_Instructions to follow_
Starting at the line with "0e352552 2018 Ares", return every line through the final one of the data, word for word. Pictures stay out.

_Dataset section_
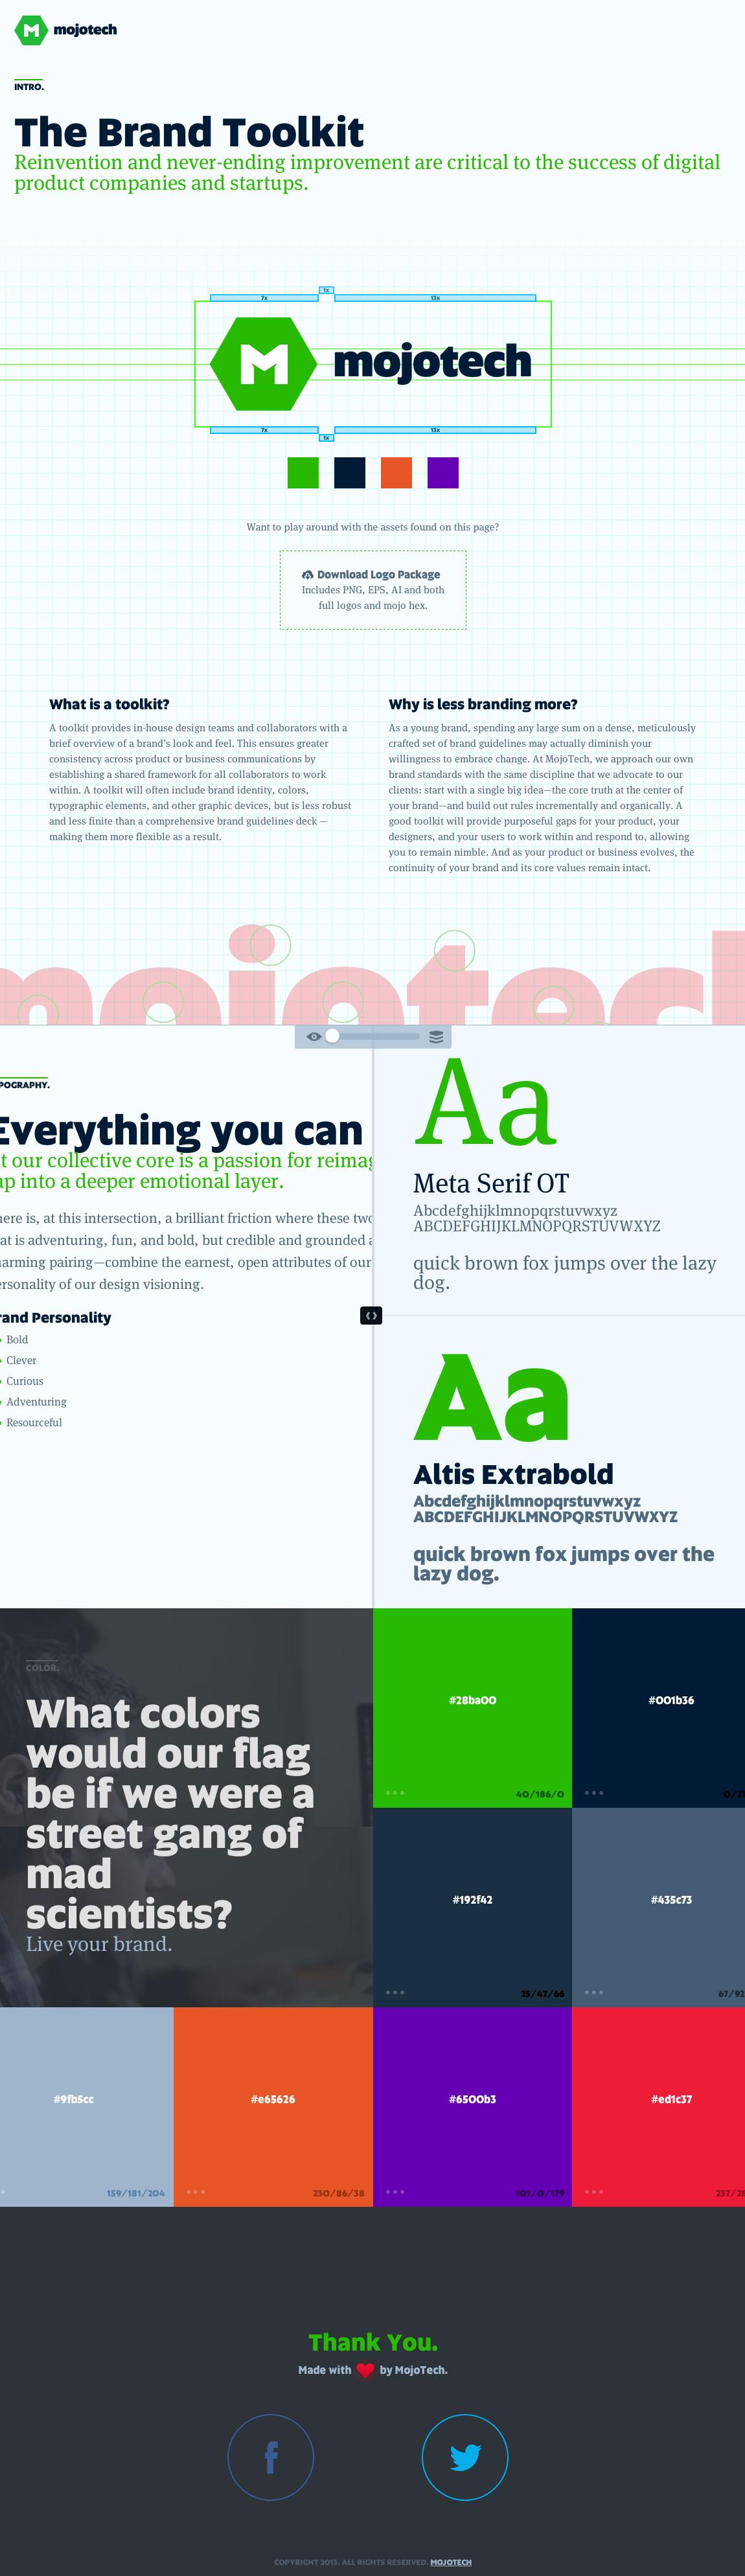 The Brand Toolkit Website Screenshot
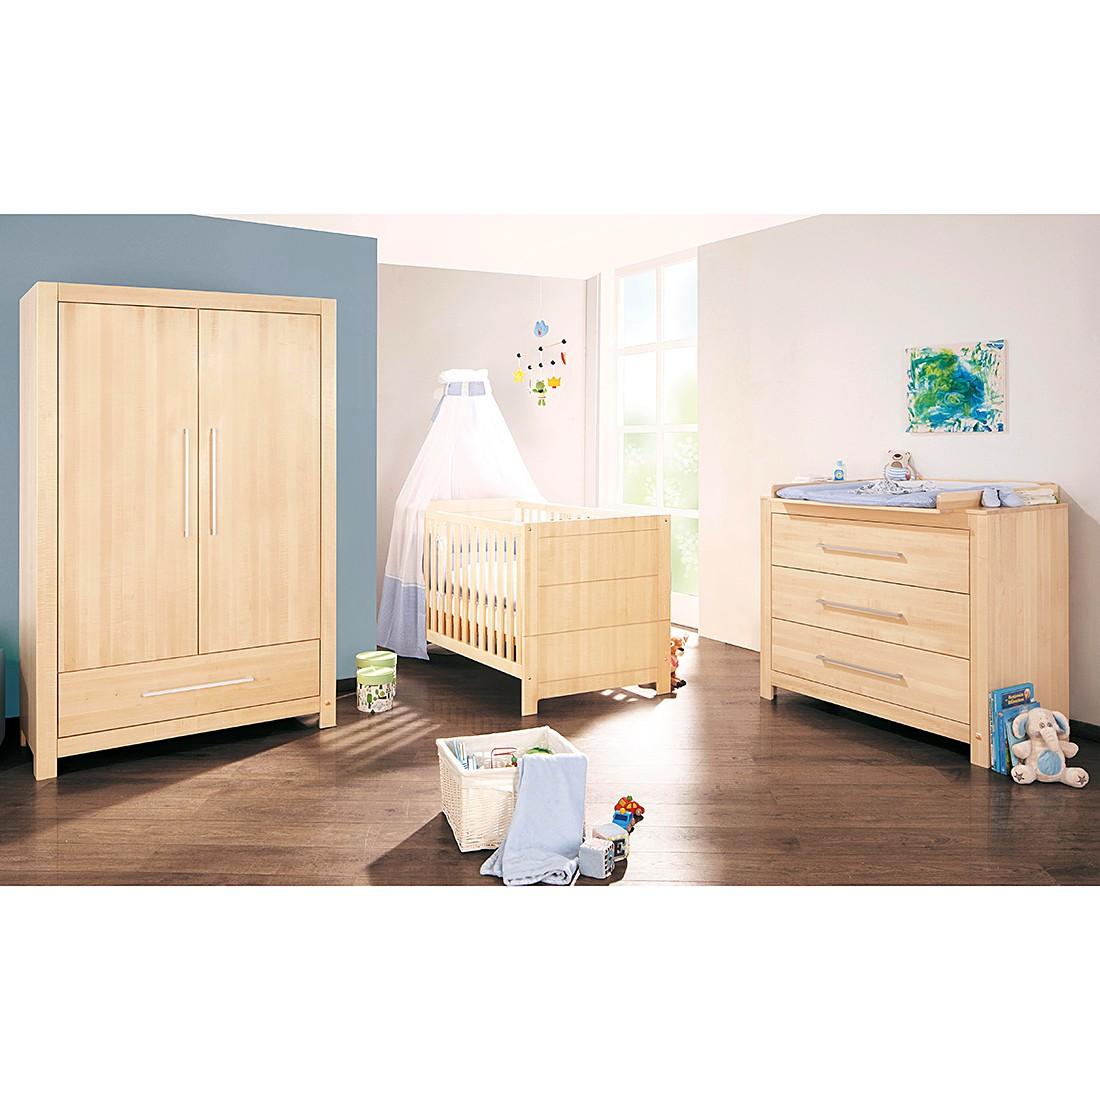 wickelkommode nick ahorn pinolino m pi 000067 m bel8. Black Bedroom Furniture Sets. Home Design Ideas
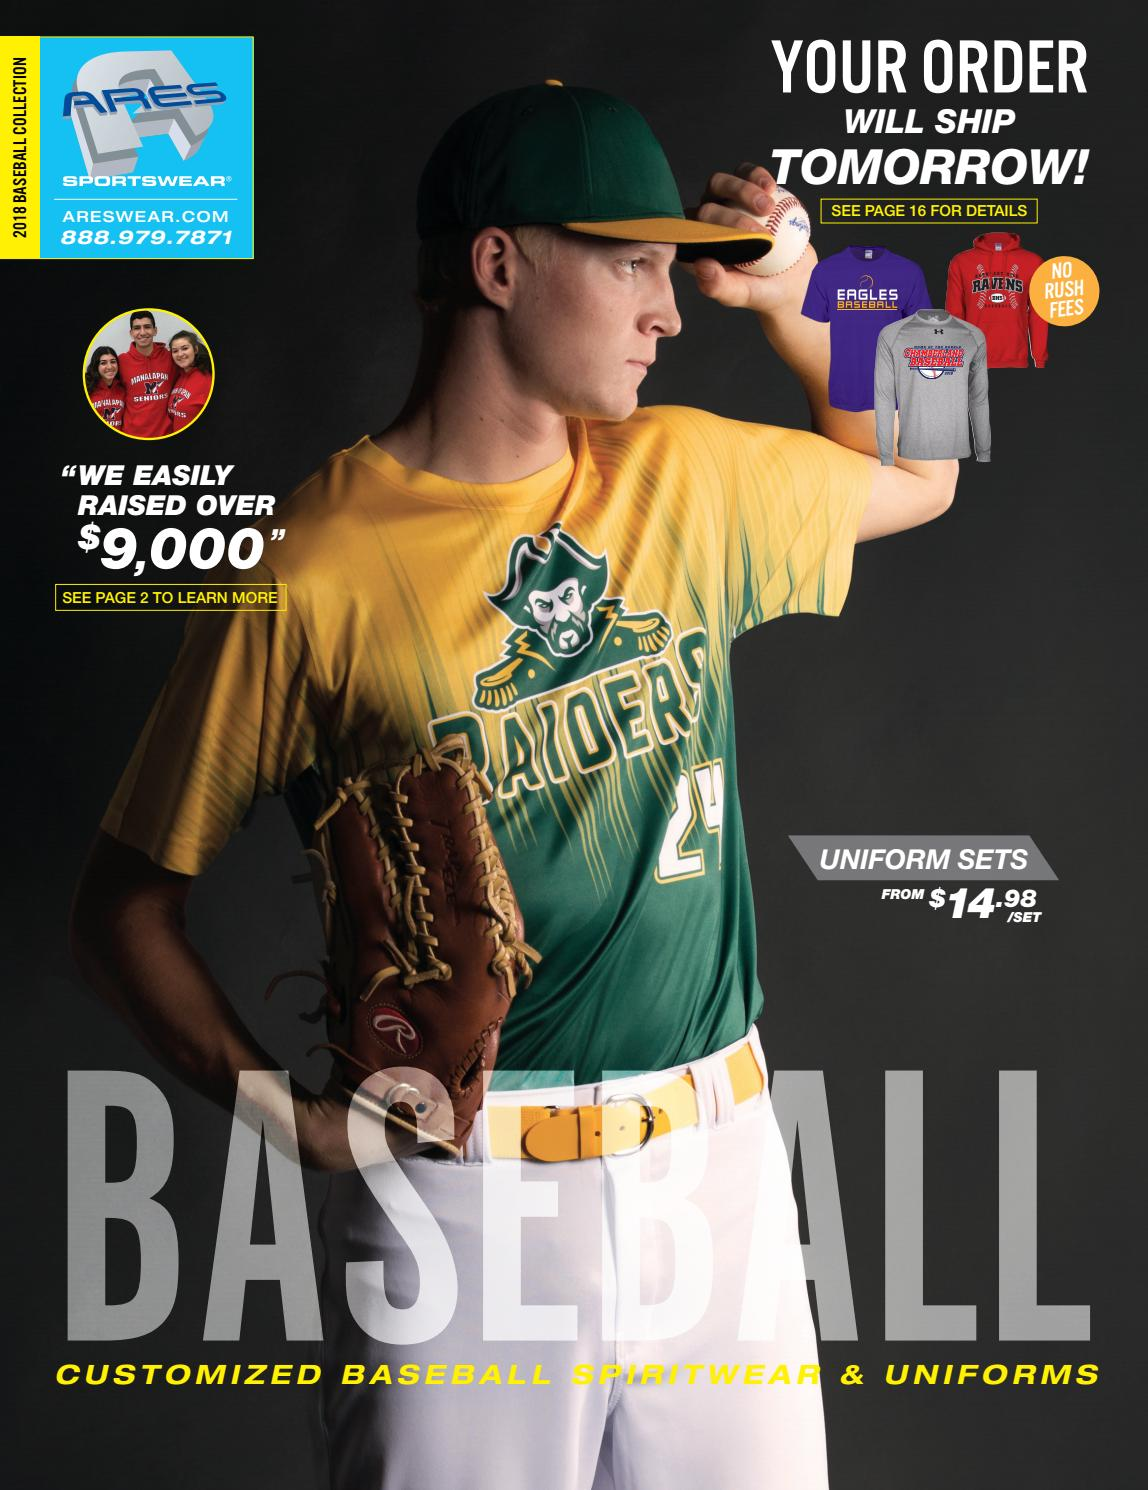 0e352552 2018 Ares Sportswear Baseball Catalog by Ares Sportswear - issuu
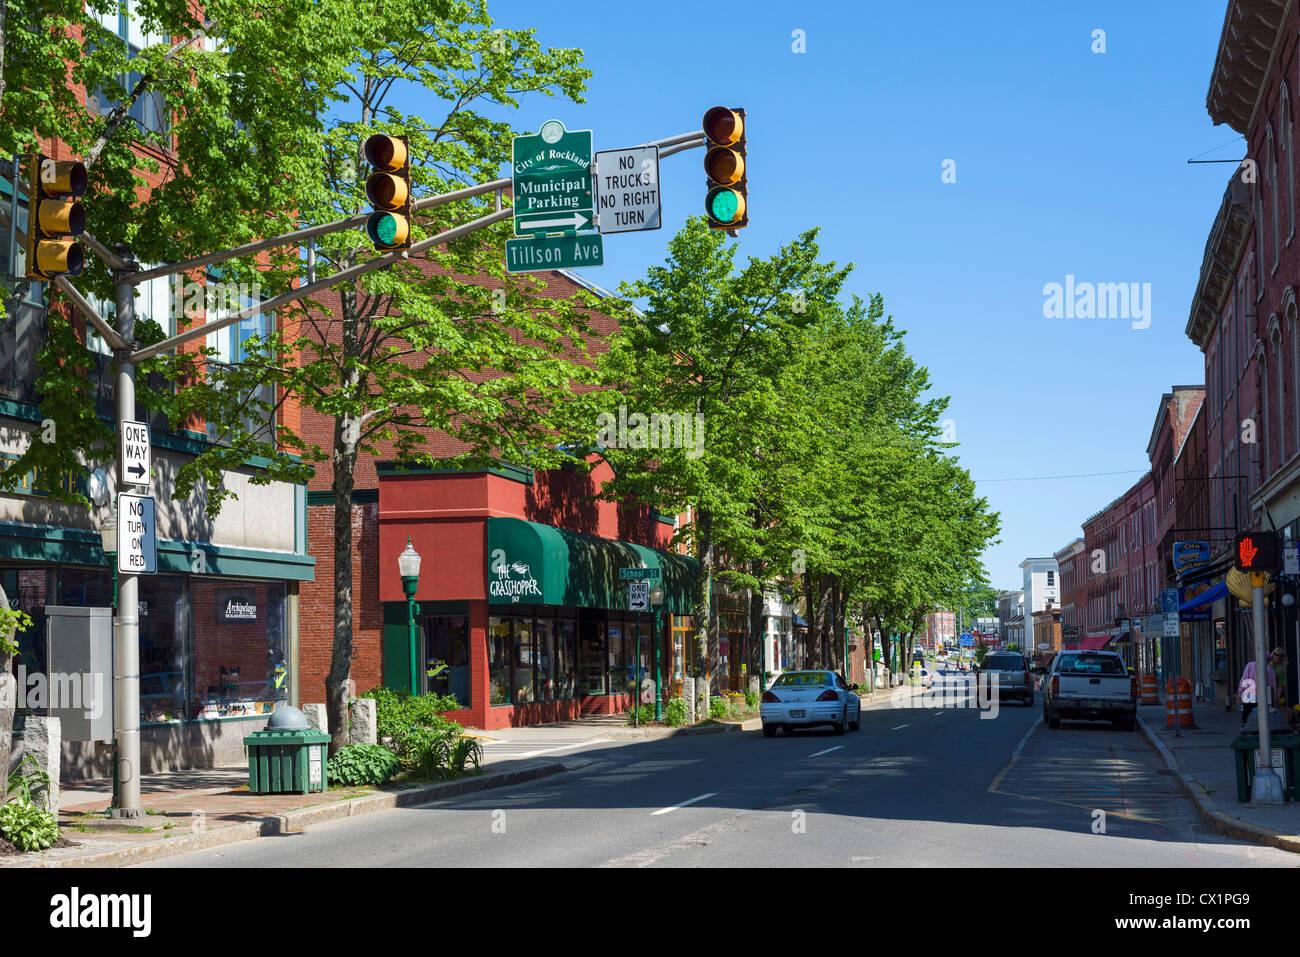 Main Street, Rockland, Knox County, Maine, USA - Stock Image

_Written solution_
 0e352552 2018 Ares Sportswear Baseball Catalog by Ares Sportswear - issuu
 Main Street, Rockland, Knox County, Maine, USA - Stock Image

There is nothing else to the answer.